He is readying himself to make the leap back to the flat, when the Angel asks, his voice softened to a melodic lilt, ‘What is the cause of your grief?’

Aziraphale gapes. ‘What?’

‘What is the cause of your grief?’ the Angel repeats, infinitely patient and wise and understanding in a way that grates on Aziraphale’s senses like a thousand fingernails scraping down a very large chalkboard.

‘The … the cause?’ Aziraphale splutters. ‘My good fellow, you must be well aware of what … How are you not aware?’

‘I can sense that you have suffered a great loss,’ says the Angel, ‘but I am not aware of the specifics. Our siblings told me that you had befriended something called a “demon” from a place called “hell”, an action forbidden in this era because demons are “evil”, and so you were punished. I slept for so many millennia that it will take some time for me to learn the new ways of the universe. What was your punishment for fraternising with this demon?’

Fraternising. The word alone is almost too much, but fortunately Aziraphale is still strong enough to miracle his memories away as soon as they intrude. He’s also ever so grateful that he doesn’t need oxygen. And he finds himself struck by pity for the Angel, this alien creature from a time long ago, this beautiful stranger to the world who might never get on top of things, not really. Of course, Gabriel and the others will surely never allow him to experience anything that might taint his fresh-as-the-driven-snow purity—except this little chat with Aziraphale, because the chance to rub it in was just too delectable for them to resist.

Aziraphale stares into the Angel’s eyes and steadies himself to leave. ‘Well,’ he says shortly, ‘if you must know, I lost my best friend.’

He is gone through the ether, back to the flat, trying to tamp down his grief enough not to cause a hurricane.


In the flat, a few days or weeks later, Aziraphale tends to the plants, assessing the dampness of their soil. He prefers doing this in the mortal way.
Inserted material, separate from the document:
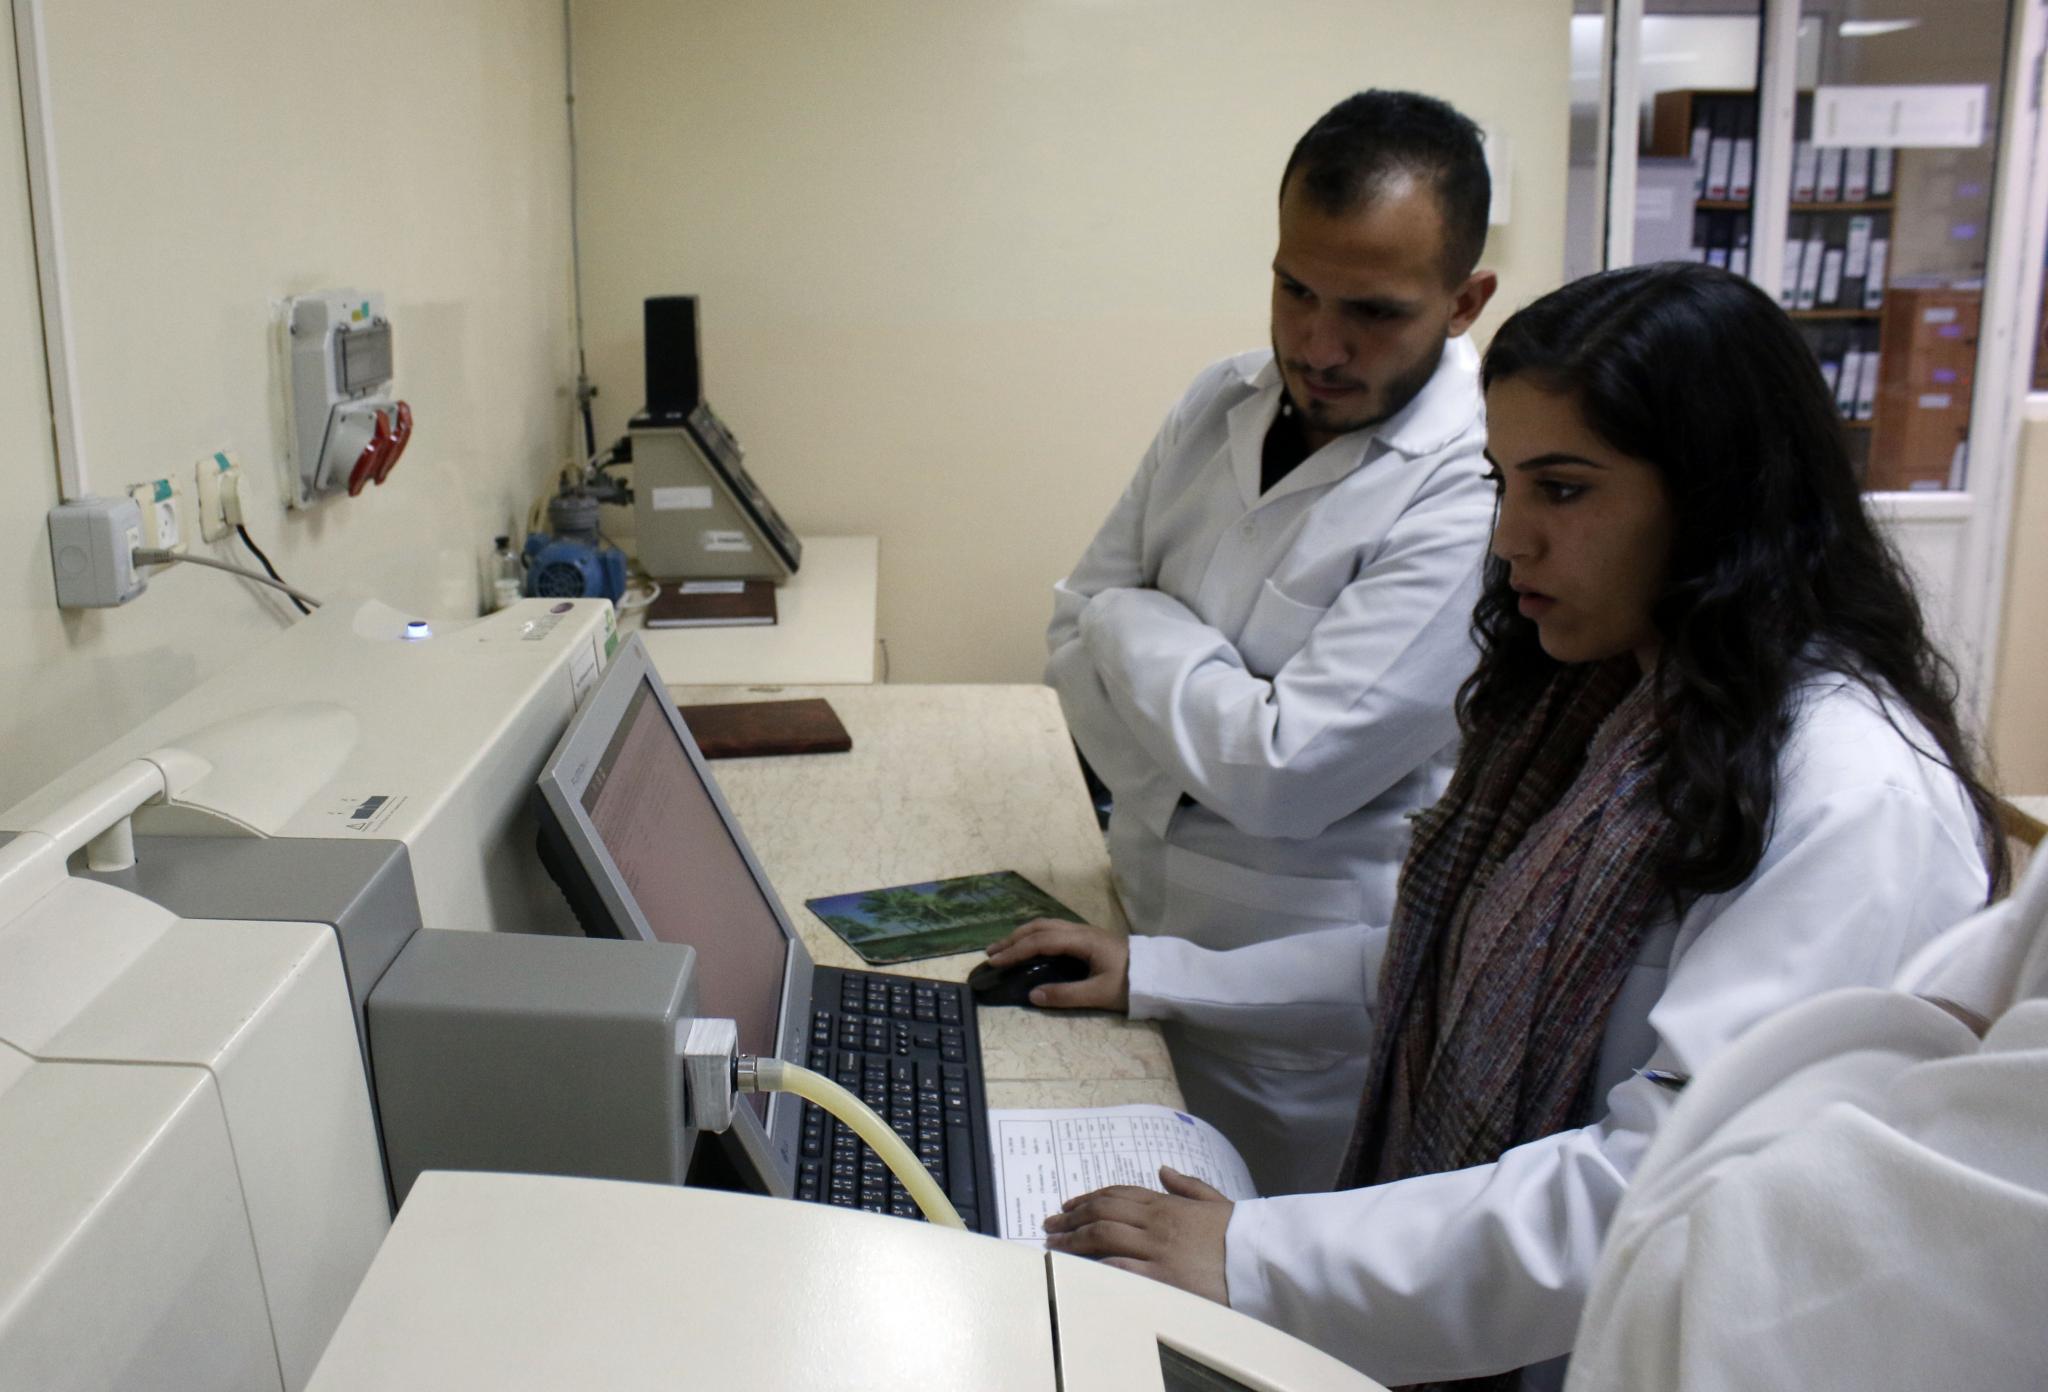 طلبة الصيدلة في الجامعة العربية الامريكية في زيارة لشركة القدس للمستحضرات الطبية برام الله

He recently found out what the Internet is and has been tentatively using it to teach himself about the care and feeding of plants, along with the maintenance of classic cars. Could he, he ponders as he tenderly strokes the leaf of a drooping peace lily and urges it to buck up, could he somehow obtain hellfire over the Internet? Might demons sell it in a marketplace there?

That is a dangerous line of thinking. They’re all dangerous, though. The road to hellfire is paved with his good intentions, his desire not to drown the earth, but the further he travels down that road, mentally, the more he thinks of—well, of course, he has to think of—but he can’t. He can spend days on end in the flat, coddling the plants, playing the vinyl collection at a low hum, drinking the alcohol, and touching things: the velvet of the hideous throne-chair, the crisp jet-black bedsheets, the sharp edges of tables, the stack of papers he has gathered from every nook, cranny, booby-trapped secret compartment and accessible storage dimension, the cold stone of that crude statue, the smooth carved wings of that sentimental souvenir from 1941, and, his greatest find, the closet stuffed full of real human clothes, accessories and jewels dating back at least a hundred years. He can wrap himself in those clothes and lie on the bed, breathing in the Tesco laundry gel, another human affectation, with other scents beneath. He can check on the Bentley in its secure underground parking space, shine its paint and metalwork with the slow effort of his hands until it’s blood-warm, get into the back seat, curl up and lie there for days. But he just can’t bring himself to think.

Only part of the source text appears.